Korkmadan istediğin ölçüde şerefi bağla O’na;
İstediğin ölçüde O’nun değerlilik hakkını tanı..
Erginliğine yok son ki, orada durup,
Dil, cesaretini bulsun, O’nu anlatmayı..
Mucizeleri bile gerçeğinin yanında sönük kalır;
Yoksa ismi anılınca çürüyen kemikler bile canlanıp ayağa kalkmalıydı..
Aklın yetişmeyeceği tekliflerle etmedi bizi imtihan;
Bizi sevdiğinden elbet.. Biz de hemen inandık O’na..
En ufak şüphe bize yaklaşmadı..
O’nun gerçeğine ermekte cümle âlem âciz kaldı;
Uzak âciz kaldı, yakın âciz kaldı, acz çepçevre sardı dört yanı..
Güneş küçük sanılır uzaktan bakılınca;
Göz dayanmaz amma, çıplak gözle bakıldı mı..
İnsan nasıl bu yerde anlar O’nun gerçeğini,
Ki rüyada görsen O’nu, sana yeter ömür boyu
Bu mutluluk ve O’nun nurdan bakışları..
İnsanlığın bilip bileceği şu, bilgilerinin sonu şudur ancak;
O insandır ve yaratılmışların en iyisi, en güzeli, en hayırlısı..
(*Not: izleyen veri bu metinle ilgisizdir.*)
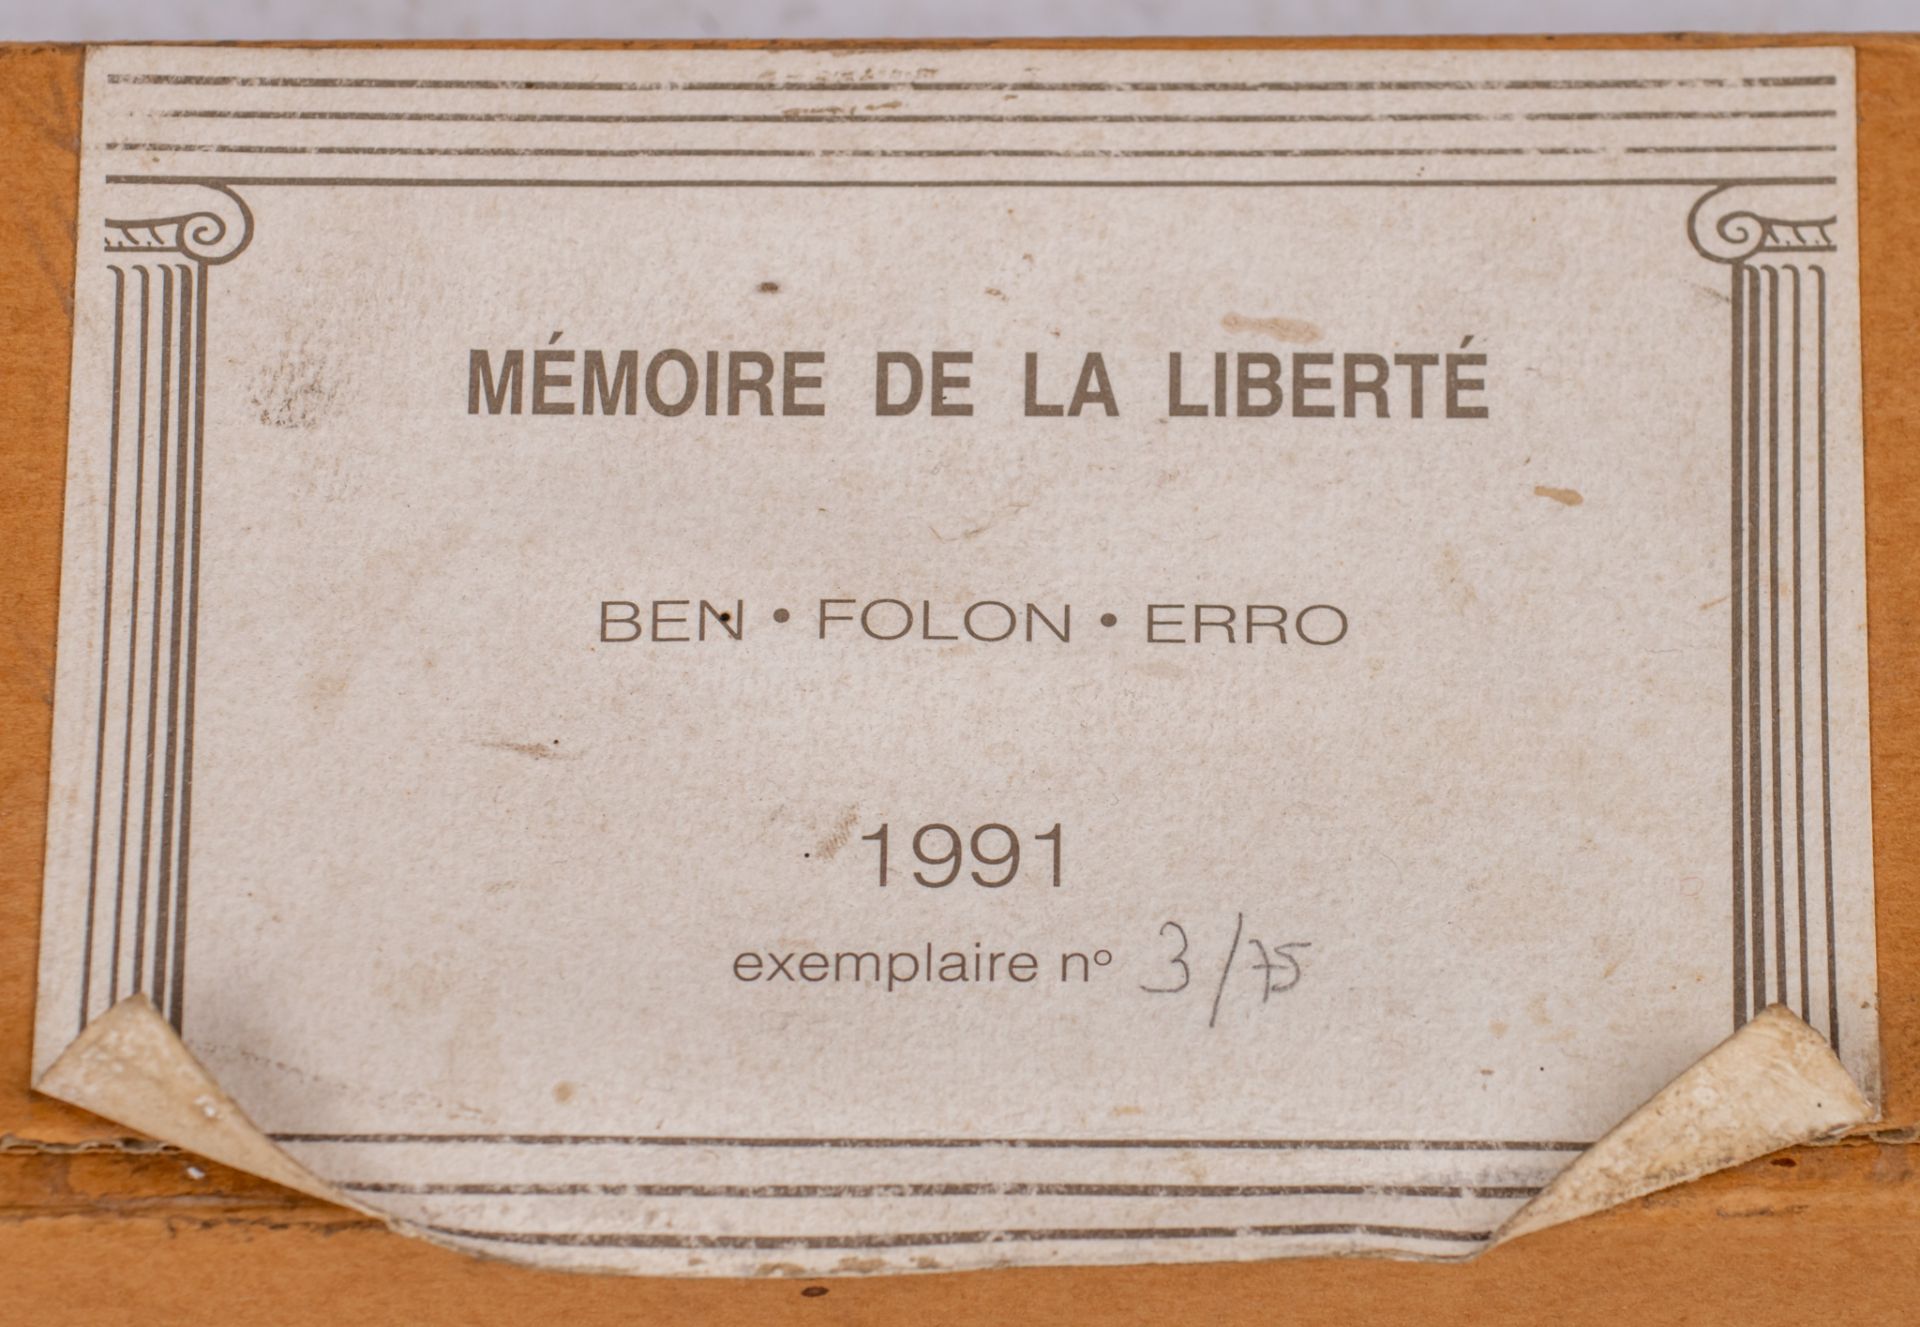 Ben - Folon - Erro, 'Memoire de la Liberte', 1991, No 3/75 - Image 14 of 14
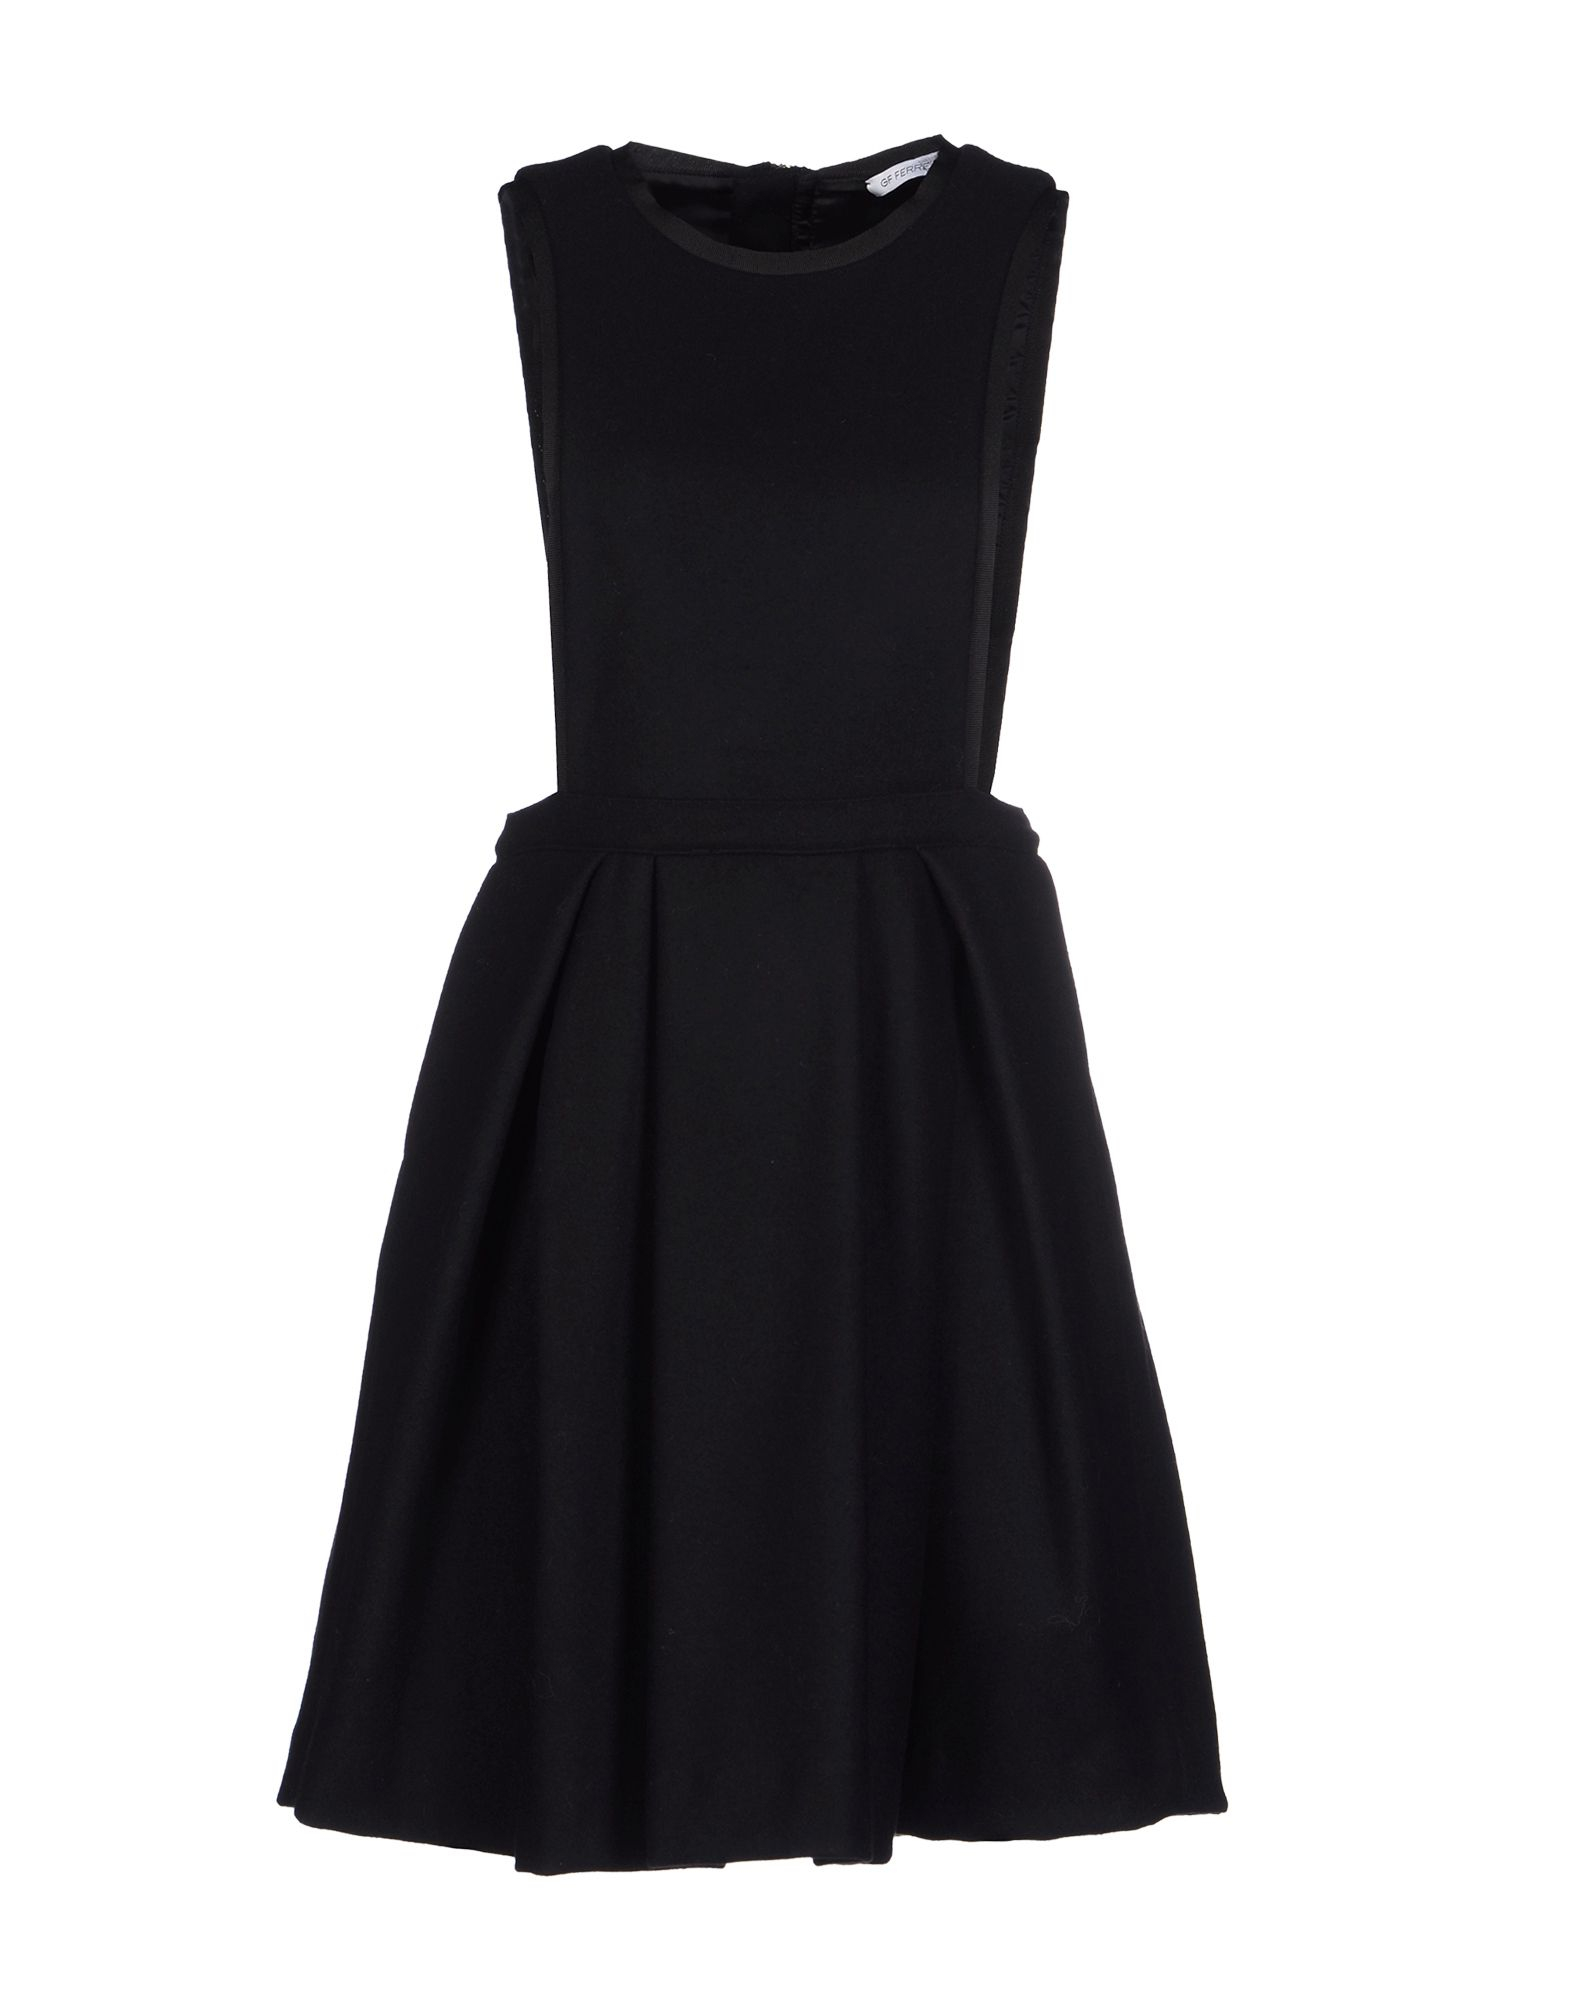 Gianfranco Ferré Short Dress in Black | Lyst

Ve Peygamberlerin halka gösterdiği mucizeler,
O’ndandı, O’nun nurundandı, O’nun habercisi, O’nun öncü ışıklarıydı..
Çünkü O erdemlik güneşi, öbür peygamberlerse yıldızlardır,
O yıldızlar ki; Güneşten aldıklarıyla aydınlatırlar karanlıkları..
Gel gör ki, Rabbim O’na neler verdi, nasıl süsledi O’nu..
Ahlâkını güzellikle sardı, müjdeyle, güler yüzlülükle benek benek noktaladı..
Latifliği bir çiçek, dolunay şeref ve değeri..
Cömertliği bir deniz, yardımı zamandır tıpkı..
Tek başına bir yerde, O’nu görsen, heybetinden
Sanırsın arkasında asker, asker,asker.. bir ordu gizli, bir ordu saklı..
O’nun tebessümünden ve konuşmasındandır sanki;
Sedefte saklı inci, İnciler hep sedefte saklı..
O’nun toprağının kokusundan daha güzel var mı koku?
Ne mutlu o kişiye ki koklamış, öpmüş ola o toprağı!
Doğuşu açıklar bize her yönden her açıdan O’nu..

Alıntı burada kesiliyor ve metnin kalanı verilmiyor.